Output all of the data exactly, keeping any images out of the copy.

(SOURCE MATERIAL)

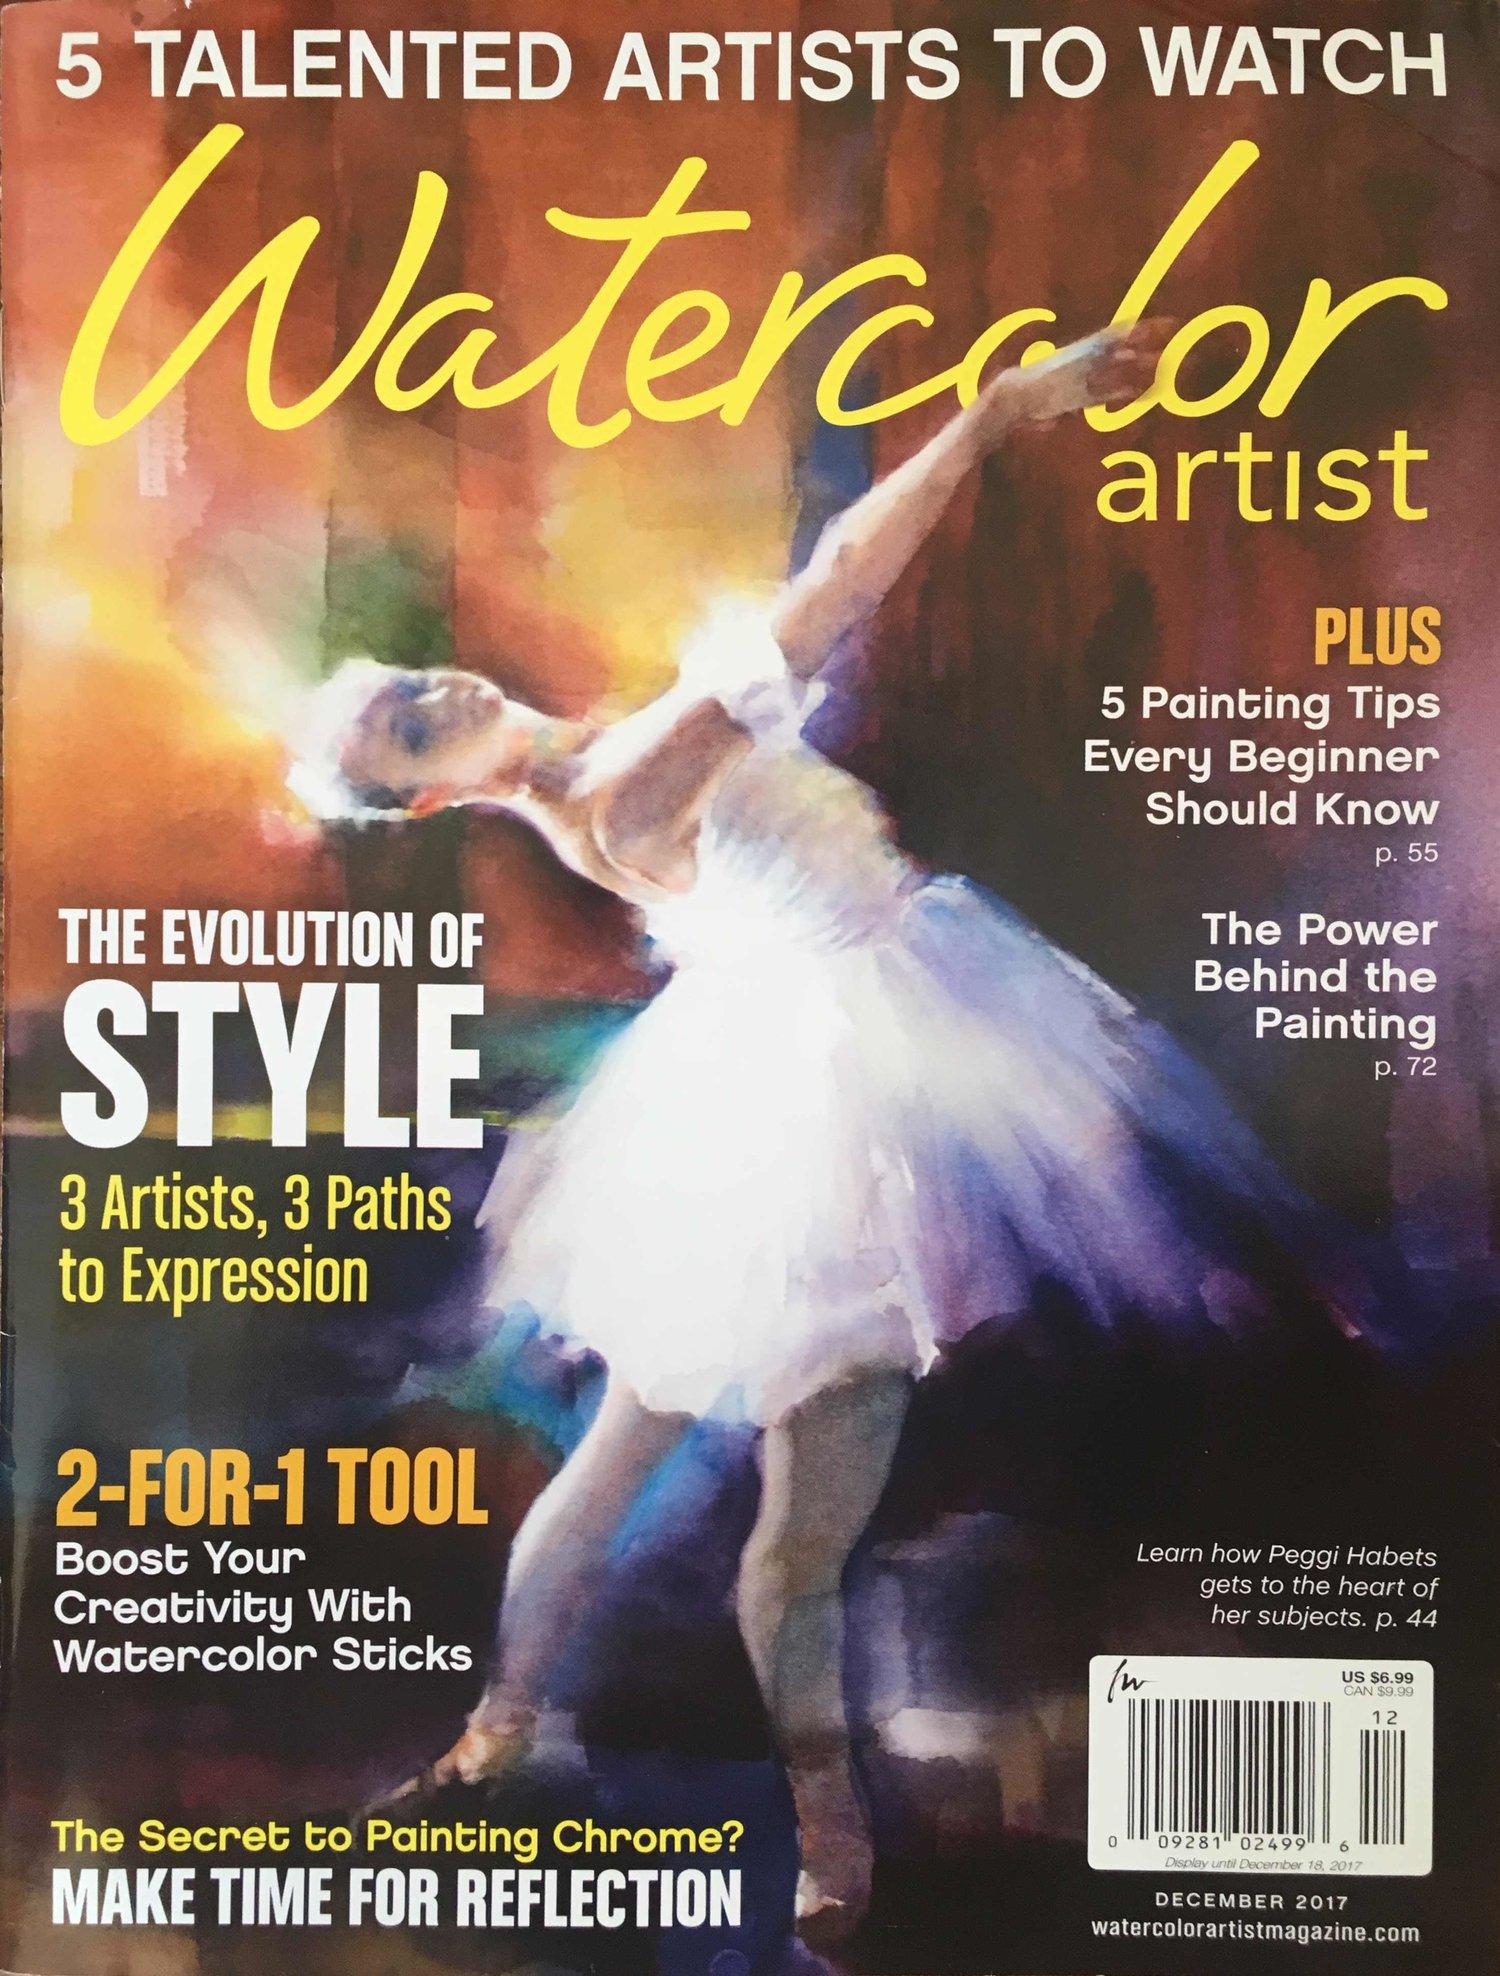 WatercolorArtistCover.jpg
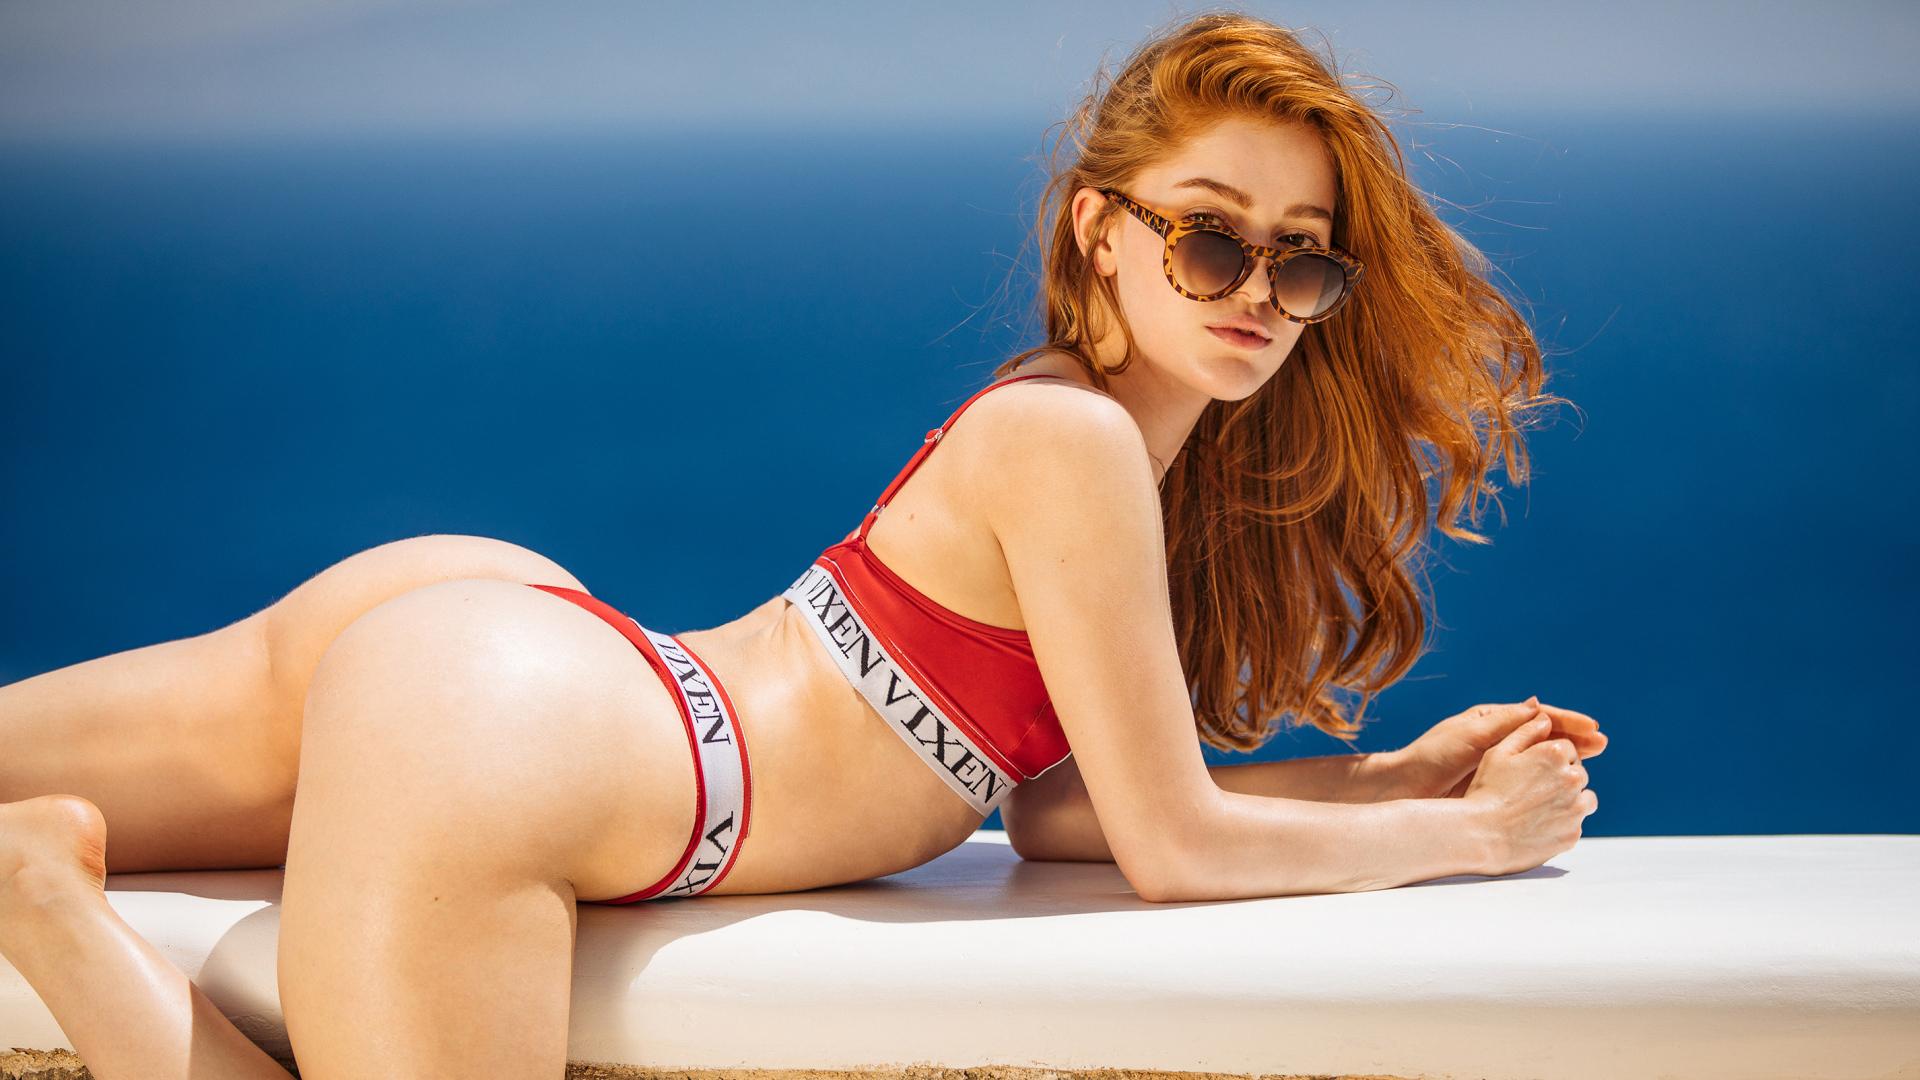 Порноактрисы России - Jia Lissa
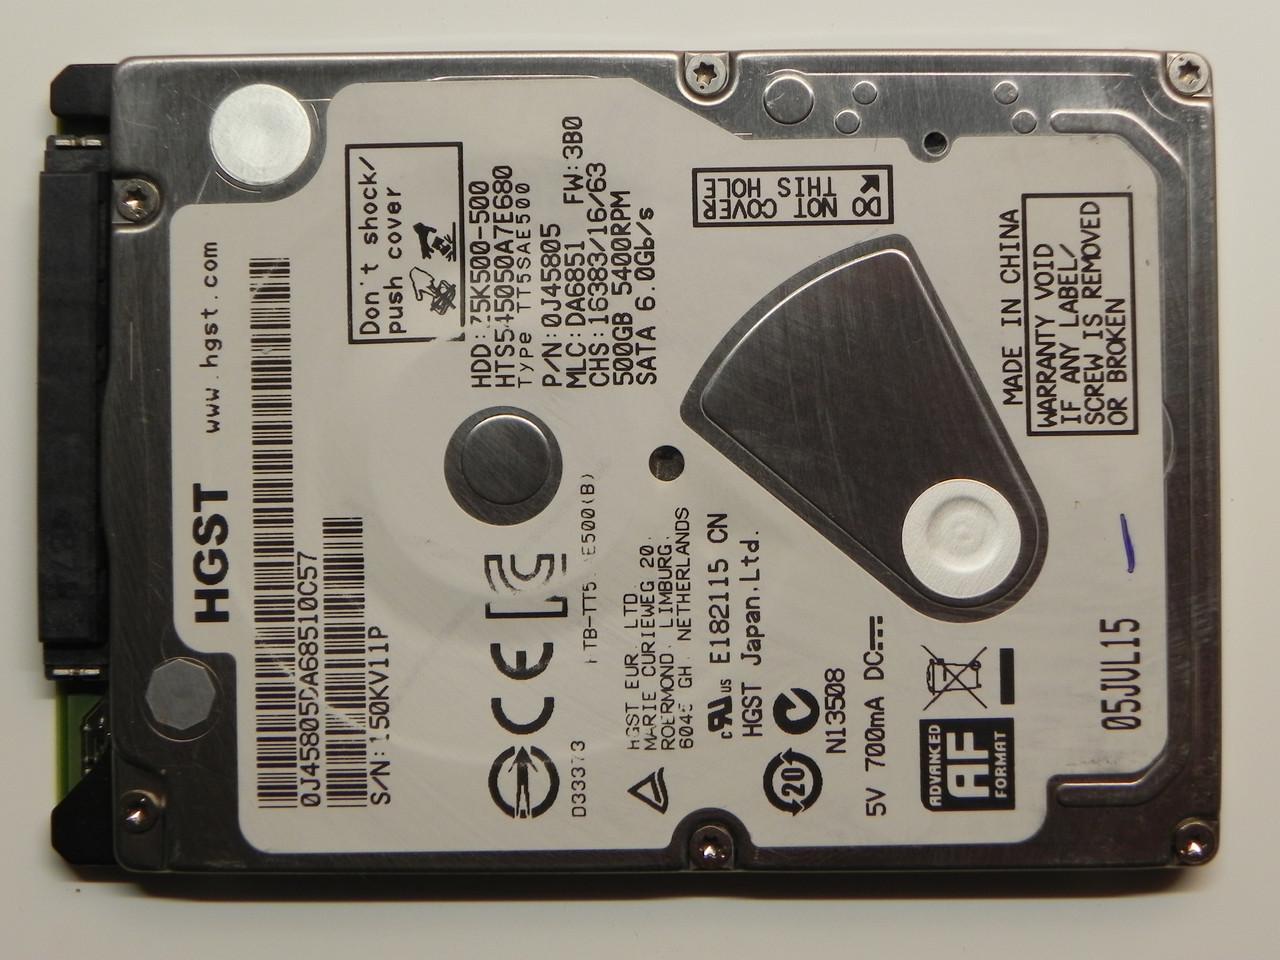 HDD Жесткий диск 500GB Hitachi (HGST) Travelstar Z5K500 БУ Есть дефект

(End SOURCE MATERIAL)

# EXPECTED ANSWER
 WatercolorArtistCover.jpg
 Порноактрисы России - Jia Lissa
 HDD Жесткий диск 500GB Hitachi (HGST) Travelstar Z5K500 БУ Есть дефект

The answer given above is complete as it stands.